We further analyzed the relationship of sIGFBP7 value of presurgery (presurgery sIGFBP7) or 2 h after ICU (sIGFBP7-2 h) with SCr, BUN, eGFR, or UA, respectively, in AKI groups. As shown in Figure 4g, sIGFBP7-2 h strongly correlated with SCr (r = 0.475; p = 0.012), BUN (r = 0.649; p = 0.023), and UA (r = 0.700; p = 0.011), and inversely correlated with eGFR (r = −0.696; p = 0.012). However, in the no-AKI groups, both sIGFBP7-2 h and presurgery sIGFBP7 were not correlated with any of those factors (shown in online suppl. Fig. S2d–g).
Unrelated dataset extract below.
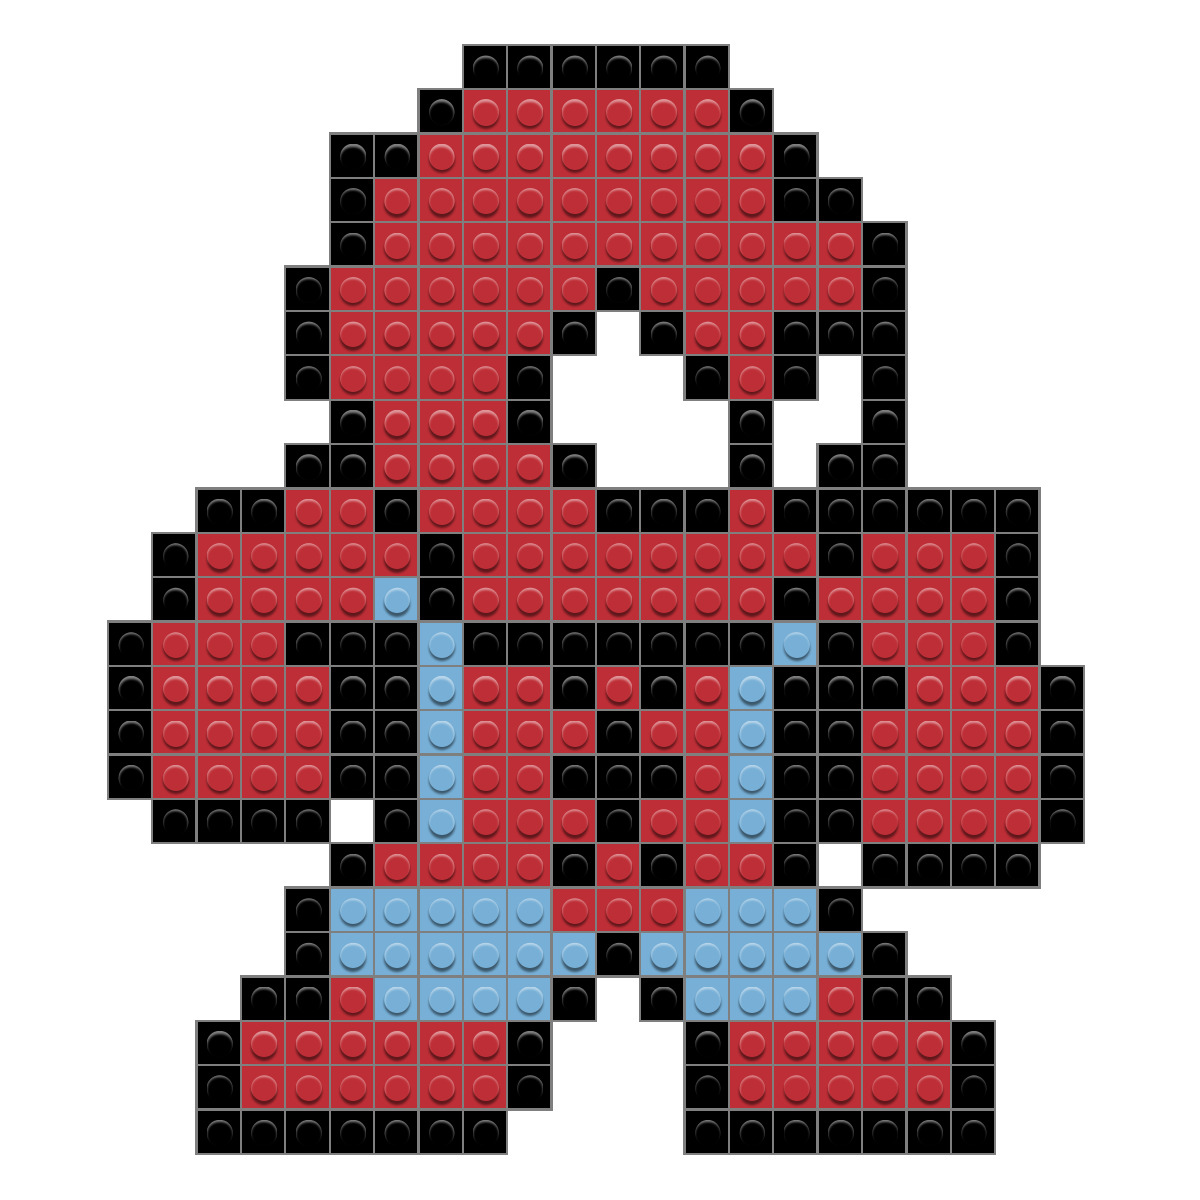 Spider Man Pixel Art Brik Pixel Art Designs Spiderman Pixel Art Images

Relative sTIMP2 Concentration Elevated at Inclusion after ICU Admission in the AKI Groups but Cannot Predict AKI Occurrence
The dynamic changes of sTIMP2 were also examined in AKI and no-AKI groups, respectively. The results showed that relative fold changes of sTIMP2 in AKI groups significantly increased at inclusion (0 h) after ICU admission compared with those in presurgery, but the difference disappeared at 2–12 h after ICU admission (shown in online suppl. Fig. S3a). In no-AKI groups, no changes in relative sTIMP2 concentration were observed at any time point after ICU admission (shown in online suppl. Fig. S3b). The sTIMP2 value also showed no significant difference between AKI and no-AKI groups at presurgery or at any time point after ICU admission (shown in Fig. 4b). ROC curves confirmed that the sTIMP2 had poor capacity to identify AKI even at 2 h after ICU admission (AUC: 0.677; p = 0.19; shown in Fig. 4e; online suppl. Fig. S3c). In no-AKI groups, the sTIMP2 value showed no significant correlation with either SCr, BUN, eGFR or UA (shown in online suppl. Fig. S3d–f). However, the statistical correlation between sTIMP2 and UA was observed at presurgery in AKI groups (R2 = 0.701; p = 0.01, shown in online suppl. Fig. S3g).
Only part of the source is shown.